A great idea is not enough in successful NGO work – you also need to tell others about it. Kiva.org, a website letting private lend (almost) directly to developing world borrowers, is innovative in its support and use of a wide range of viral marketing tools.
The newest is KivaFriends.org, which allows lenders to interact with each other. From the website you can download 10 different banners (like the one to the right), footers to your email, join emailing lists, volunteer with translation, reporting or whatever you feel like, donate your digital camera etc. etc. Of course, they have a MySpace, Friendster and a Squidoo profile :- ). Did I mention the interactive podcast? Actually, it seems that most of this work is done on a by volunteers, which just makes it even more impressive.

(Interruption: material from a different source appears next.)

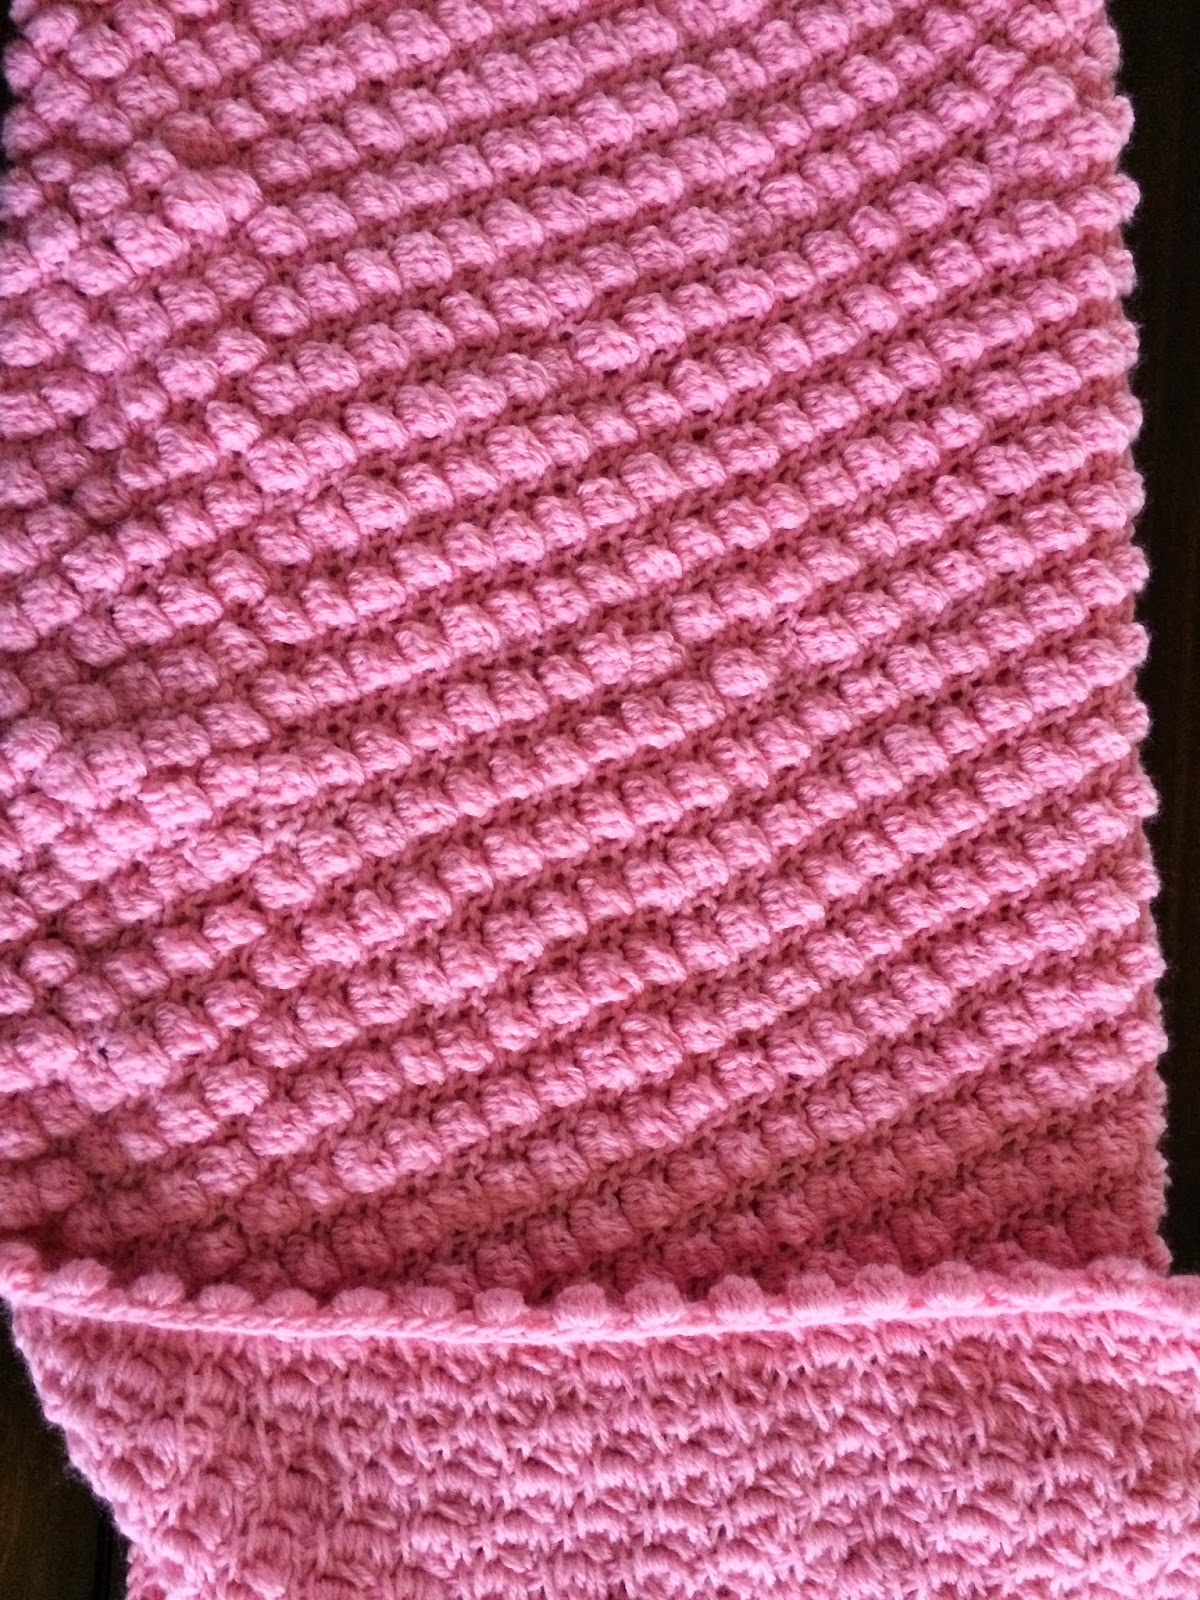 Tunisian Crochet Puff Stitch Baby Blanket - Free Pattern ...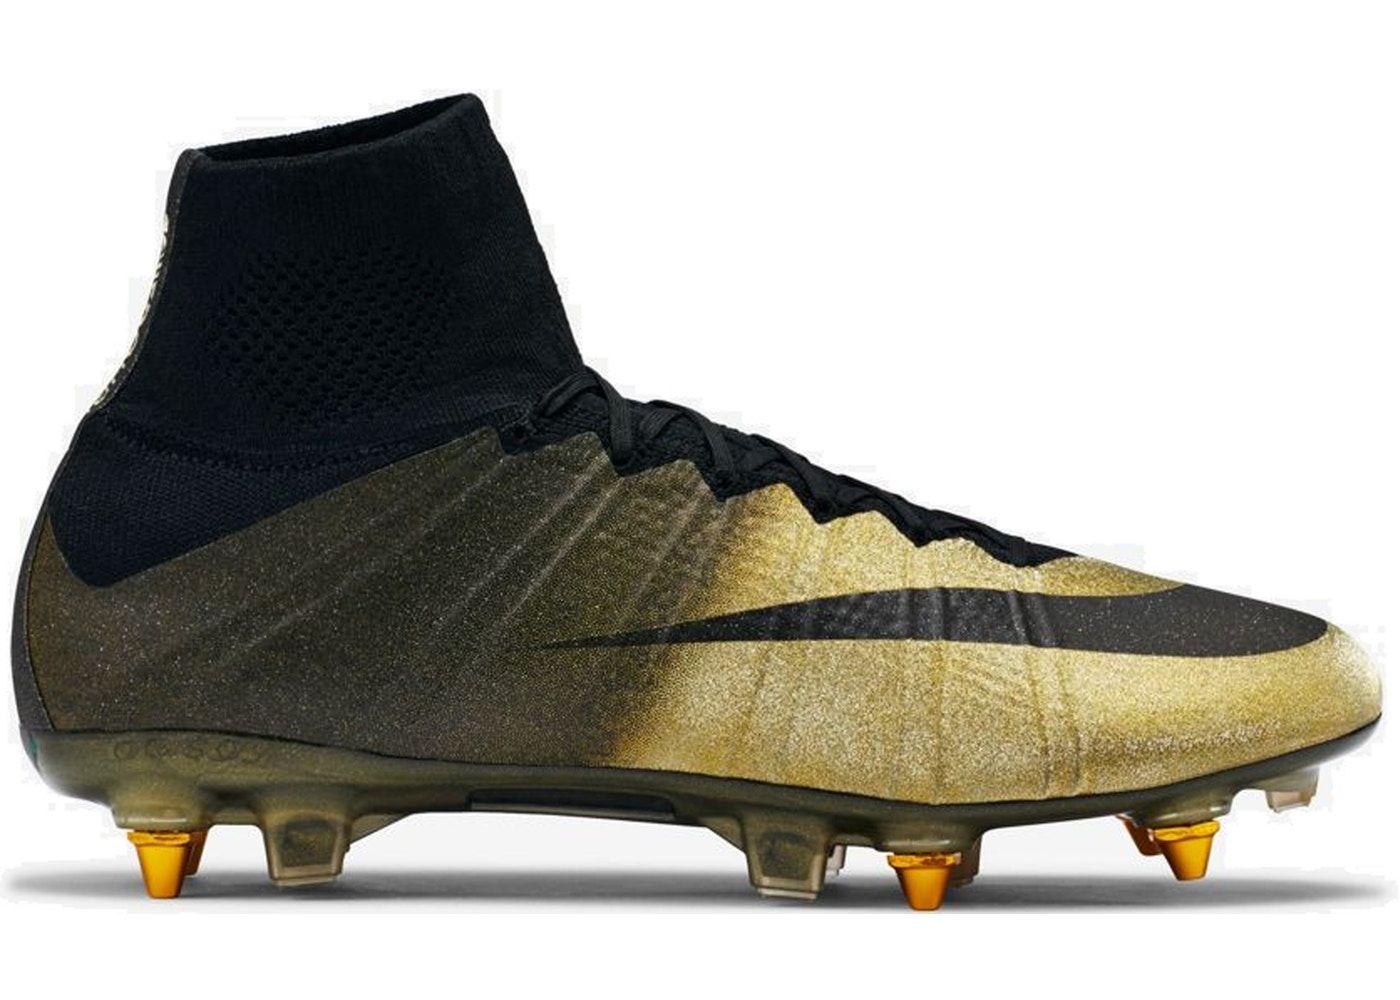 Nike Mercurial Superfly Cr7 Cristiano Ronaldo Rare Gold In 2020 Nike Football Boots Cristiano Ronaldo Ronaldo

One thing along the same lines, which Kiva hasn’t done (yet!) is crowdsourcing, letting a large group of people participate in the production of text, web pages, articles, films (it happens!)or whatever you need. Wikipedia is the prime example. Kiva.org could use it, for example, for their translations – crowdsourcing makes it more fun for people to contribute because they’re doing something in collaboration with others and perhaps a community would evolve around each language, administration costs would diminish, and things would be translated faster.
One last word about their financing. When you give out a loan, you get the opportunity to donate 5 USD directly to Kiva – a method also employed by DonorsChoose.org. 90% of lenders do that, and at the same time, you can’t really call it a fee. The handy thing is that revenue will increase as Kiva grows. Which it certainly does.